## Exercise description
Pictures stay out of the copy. Transcribe exactly, and only, the line with "Bernard Leach trabajando" through the last line of the entries below.

## Entries shown
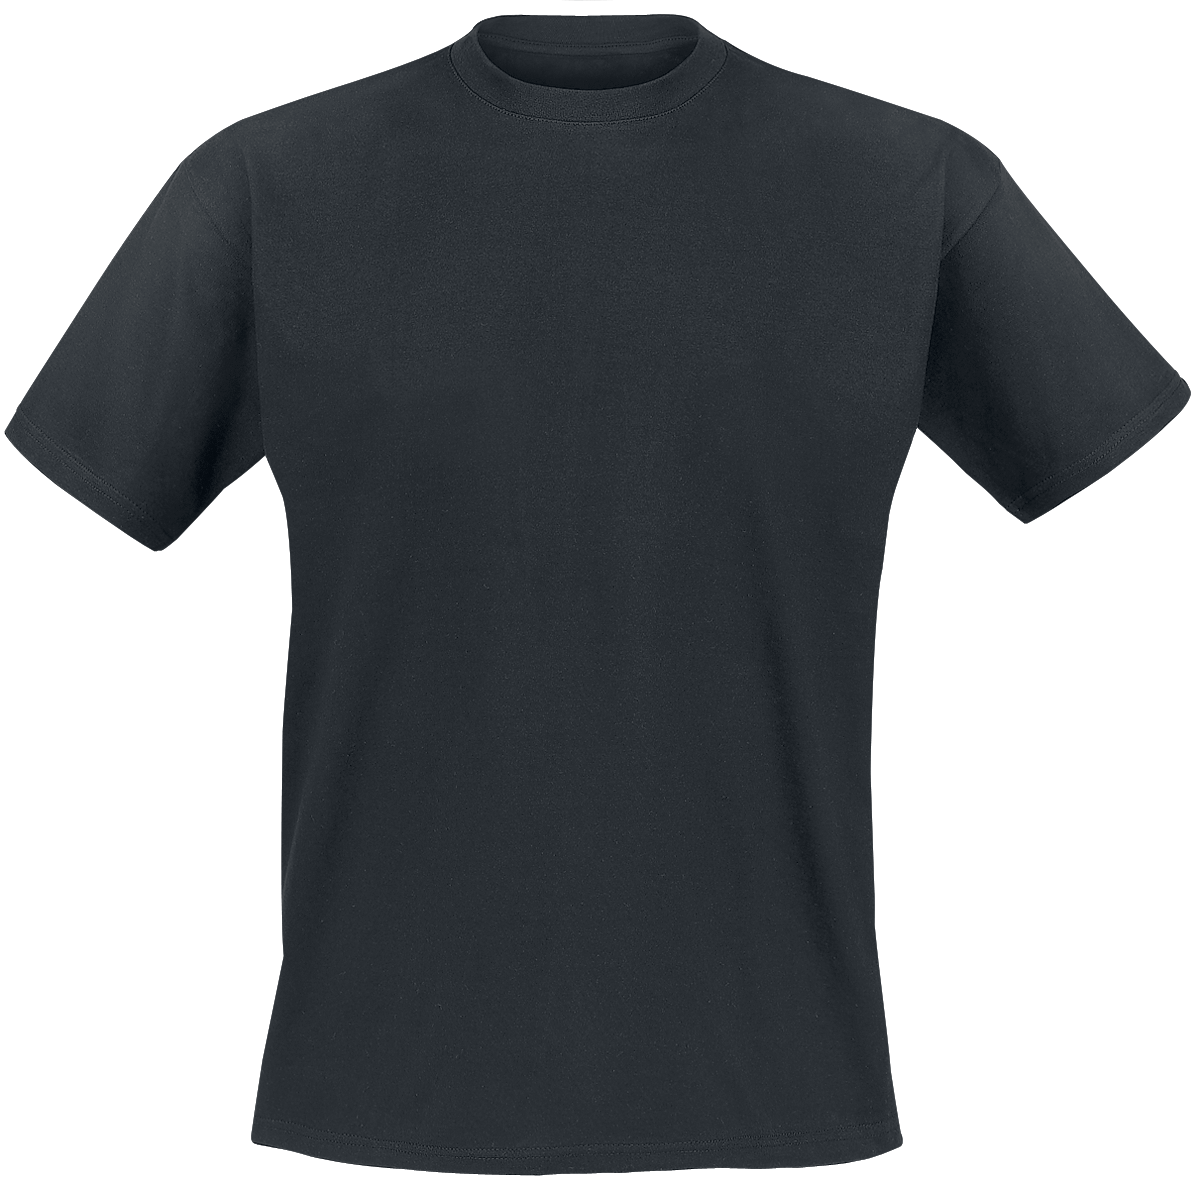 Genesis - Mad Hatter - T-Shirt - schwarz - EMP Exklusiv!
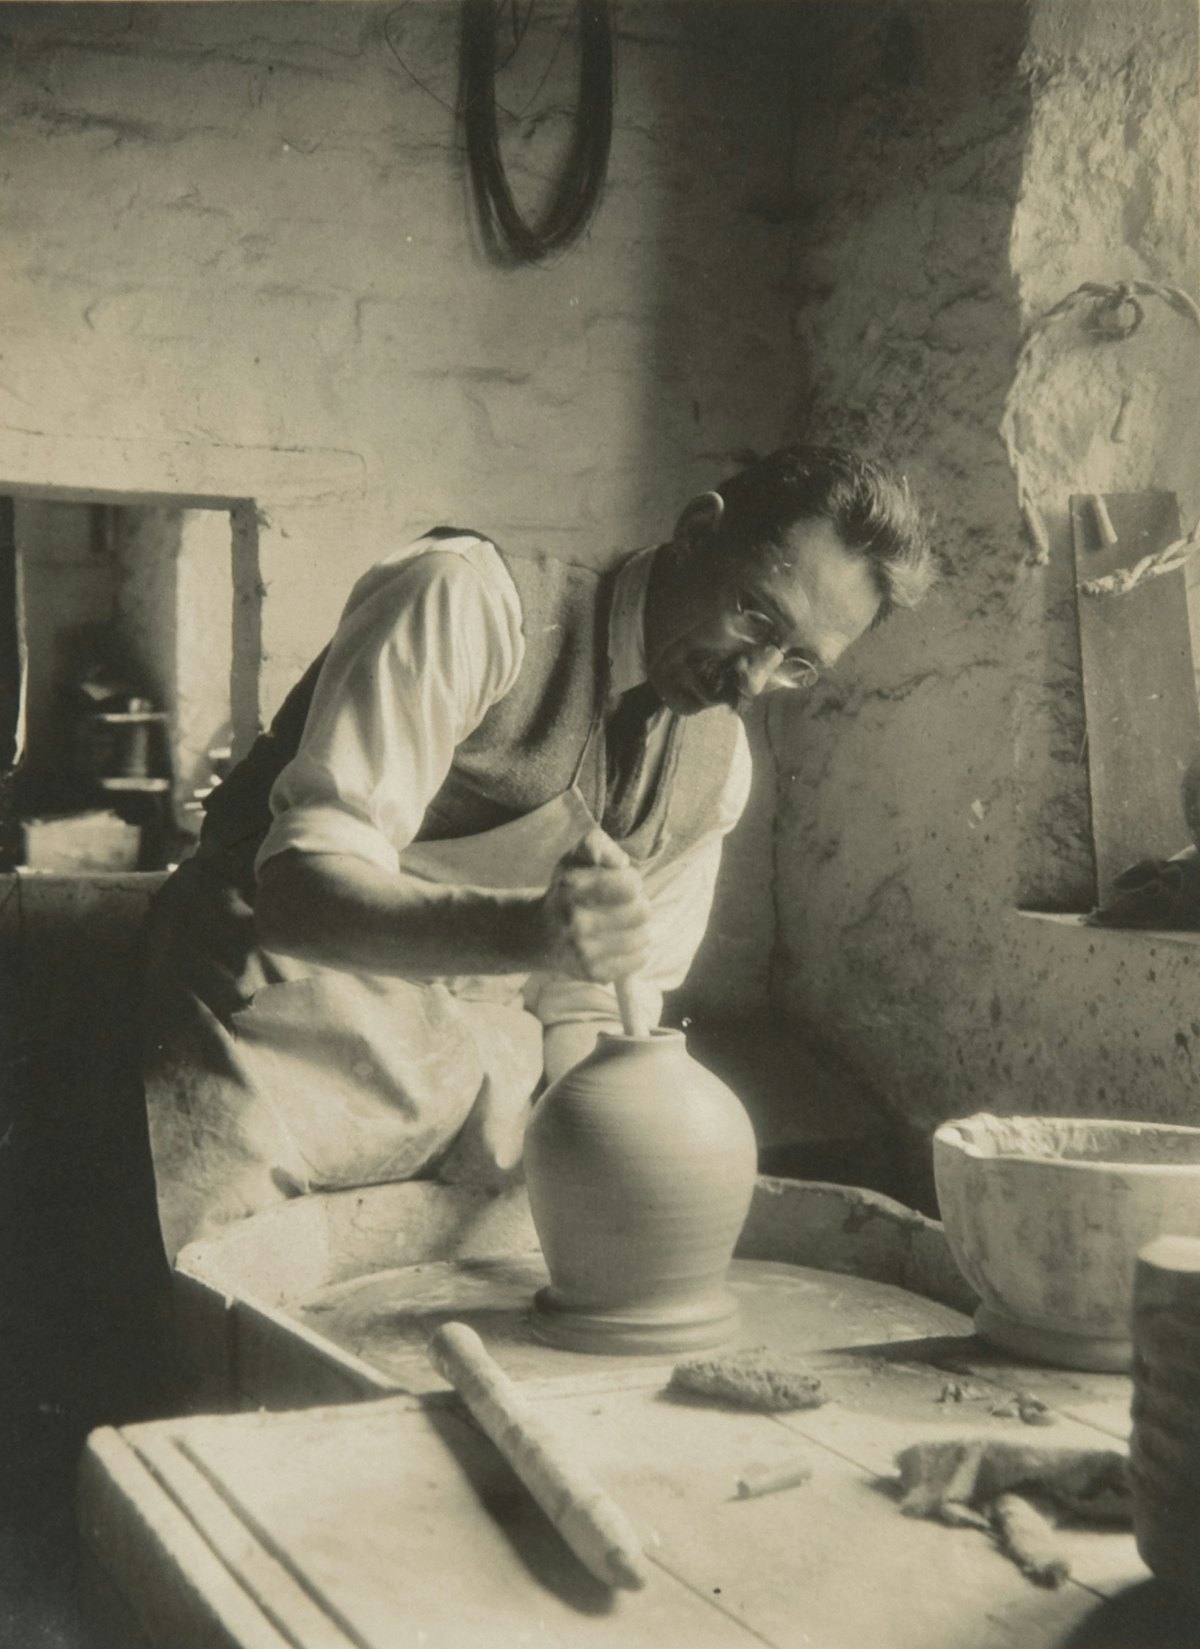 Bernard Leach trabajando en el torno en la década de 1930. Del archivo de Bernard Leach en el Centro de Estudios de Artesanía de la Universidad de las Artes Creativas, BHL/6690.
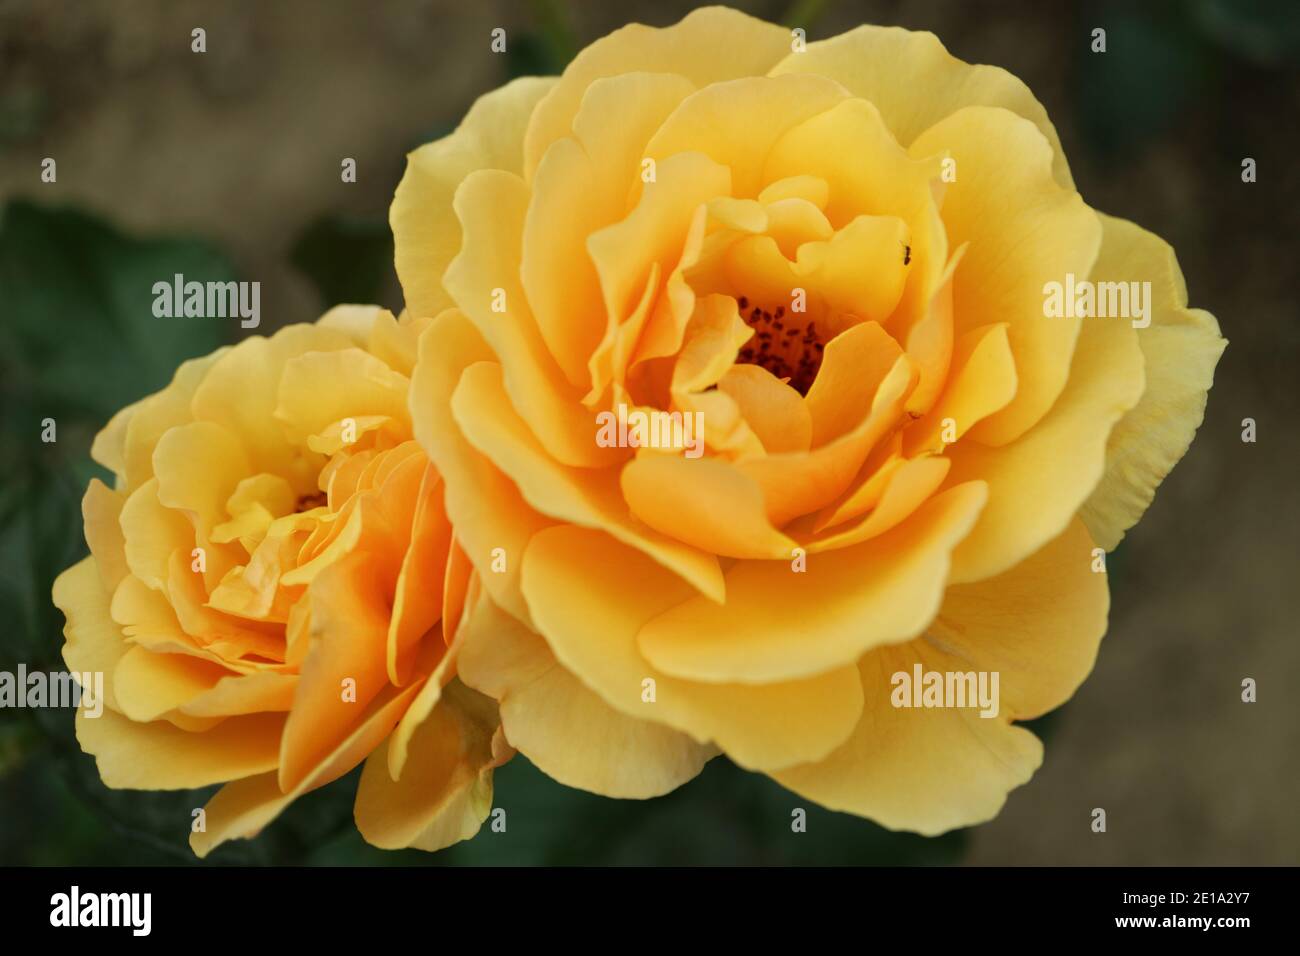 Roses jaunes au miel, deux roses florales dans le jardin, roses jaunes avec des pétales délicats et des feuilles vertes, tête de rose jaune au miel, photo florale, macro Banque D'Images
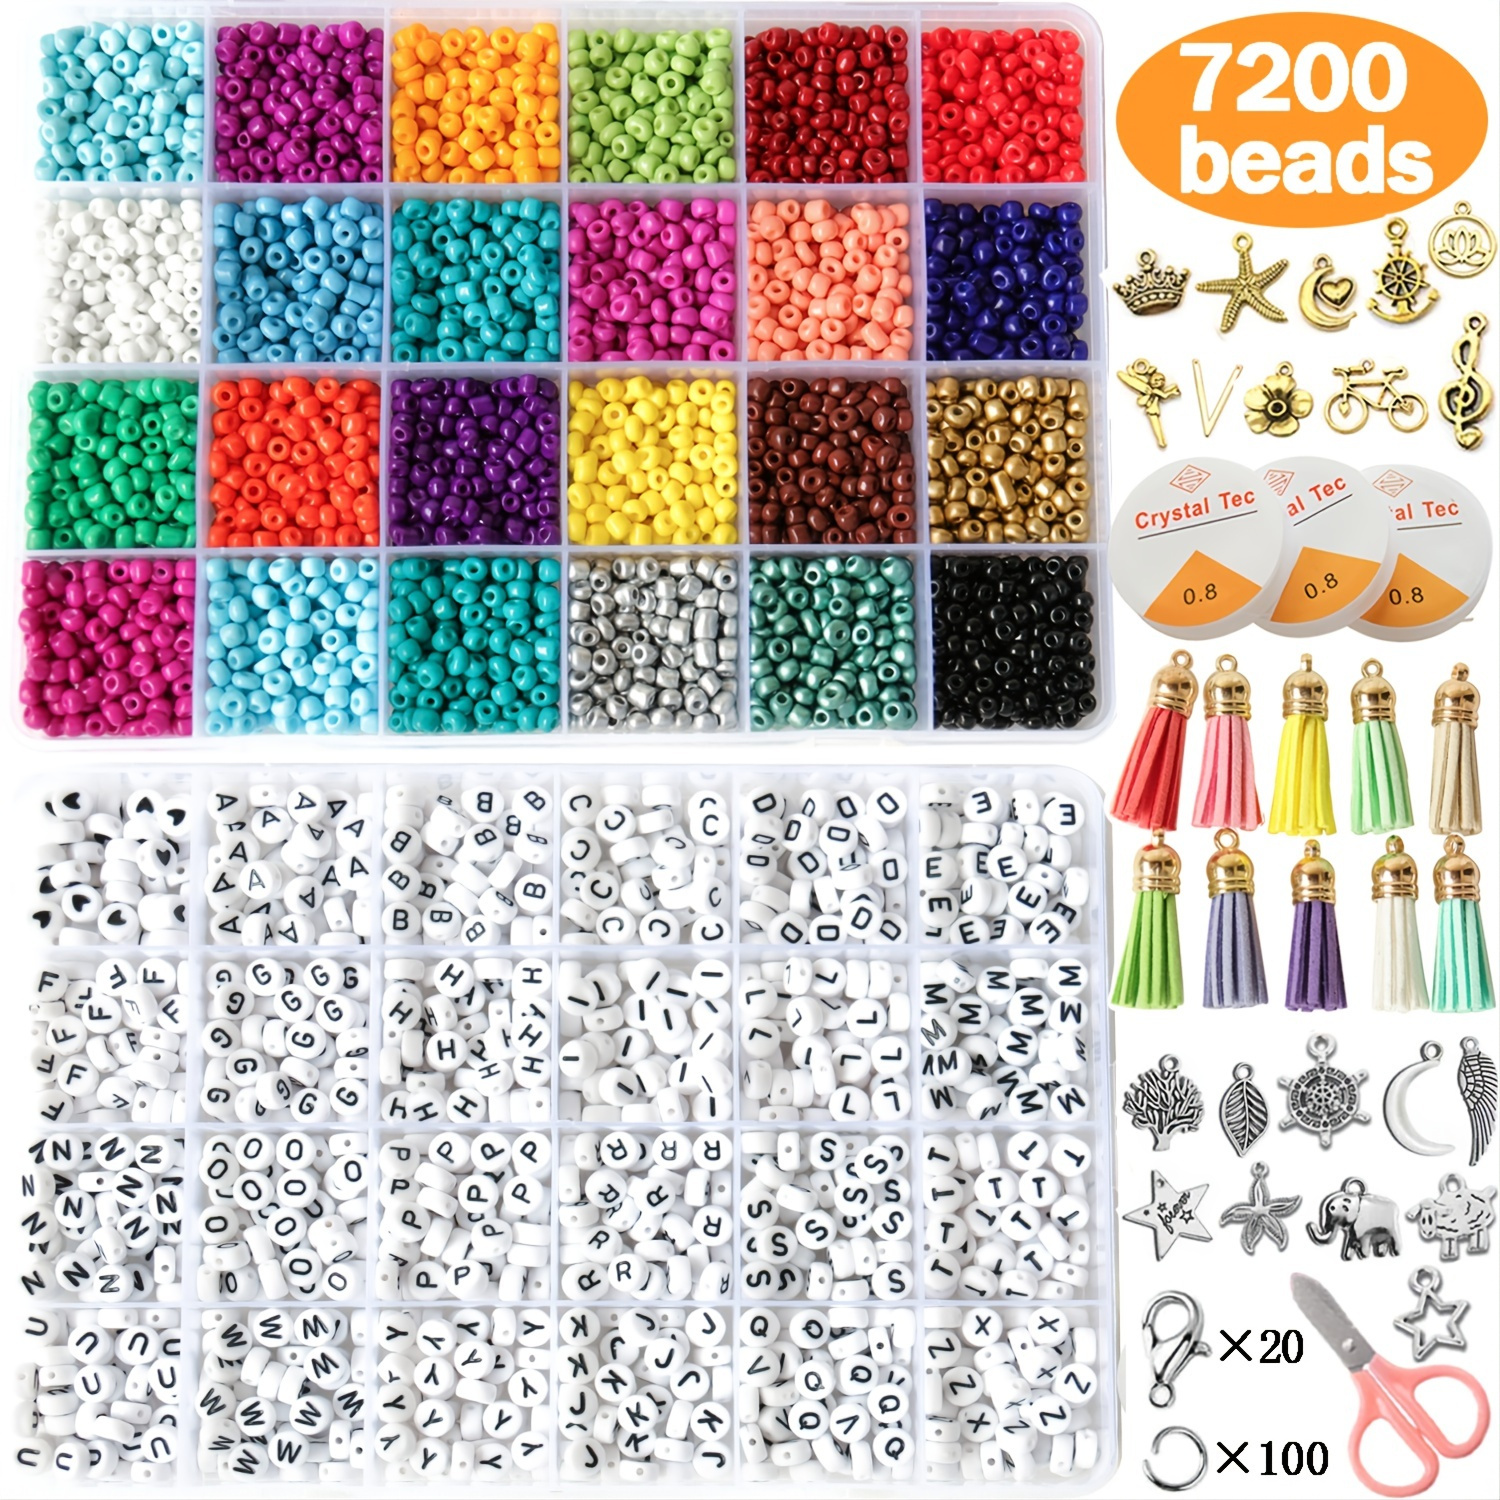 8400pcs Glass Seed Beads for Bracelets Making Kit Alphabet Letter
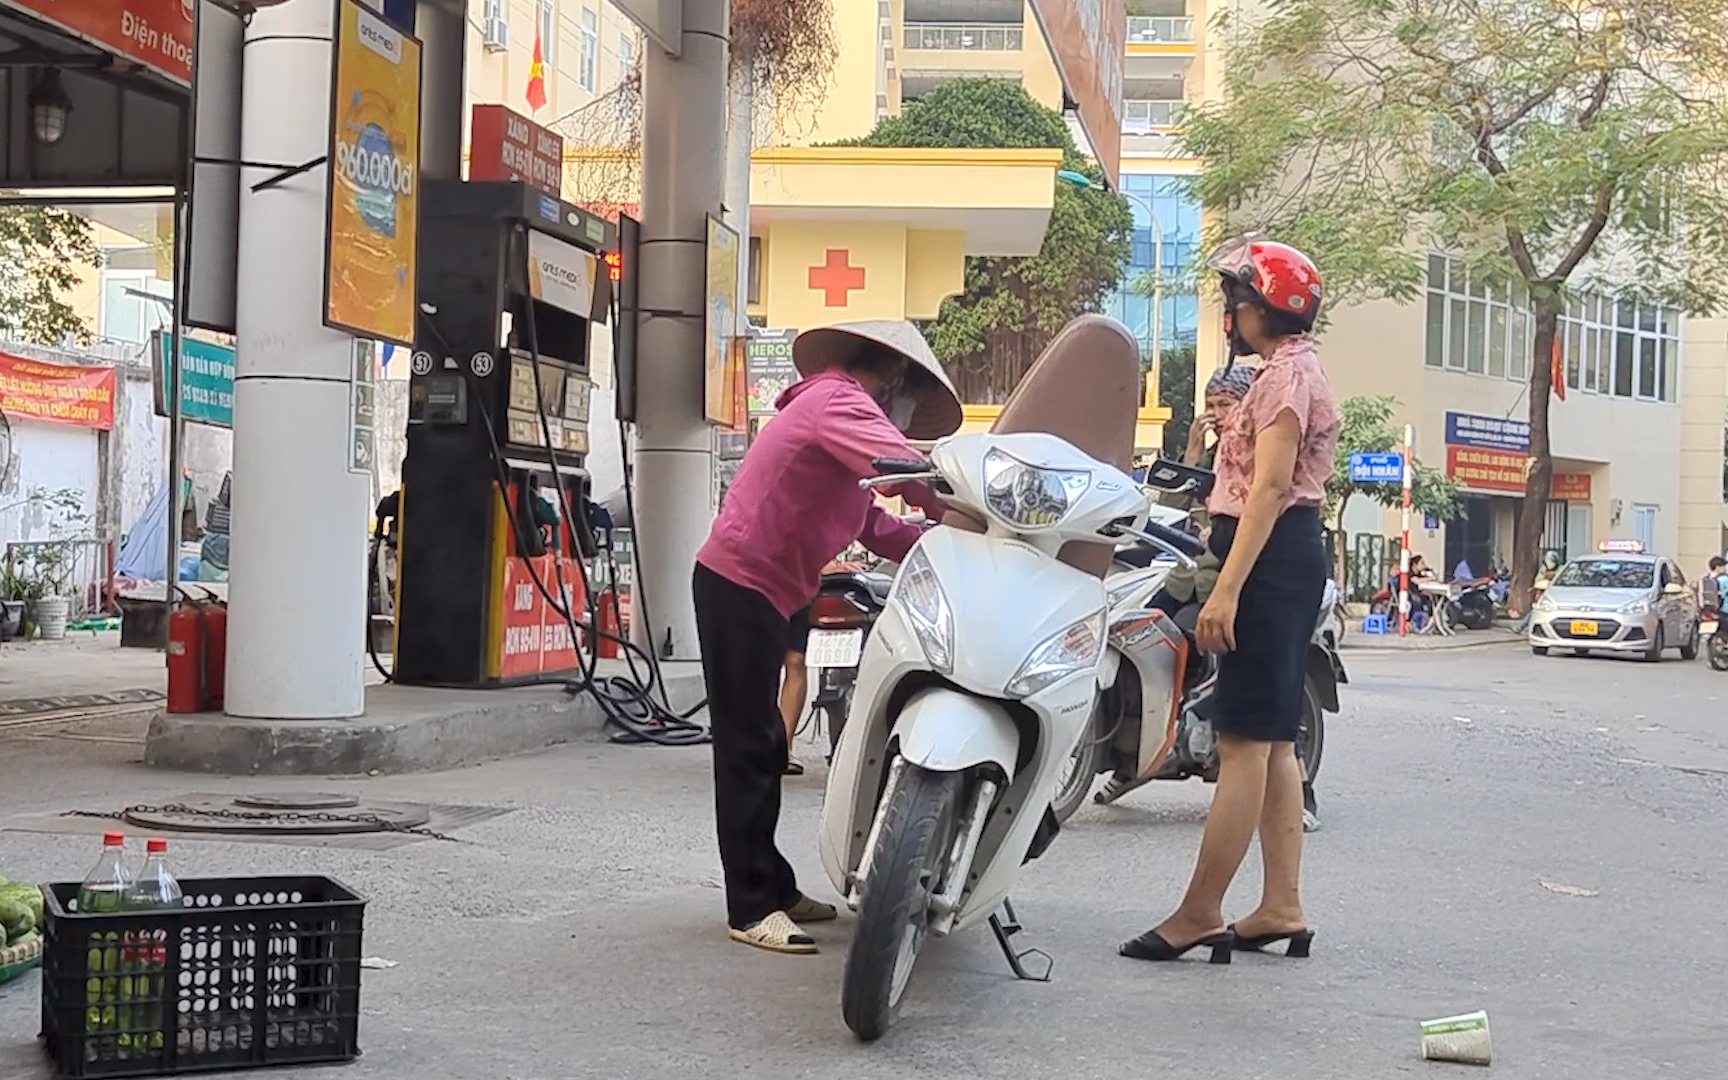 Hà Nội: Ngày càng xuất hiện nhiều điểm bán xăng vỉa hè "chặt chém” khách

## Response to the exercise
 Bernard Leach trabajando en el torno en la década de 1930. Del archivo de Bernard Leach en el Centro de Estudios de Artesanía de la Universidad de las Artes Creativas, BHL/6690.
 Roses jaunes au miel, deux roses florales dans le jardin, roses jaunes avec des pétales délicats et des feuilles vertes, tête de rose jaune au miel, photo florale, macro Banque D'Images
 8400pcs Glass Seed Beads for Bracelets Making Kit Alphabet Letter
 Hà Nội: Ngày càng xuất hiện nhiều điểm bán xăng vỉa hè "chặt chém” khách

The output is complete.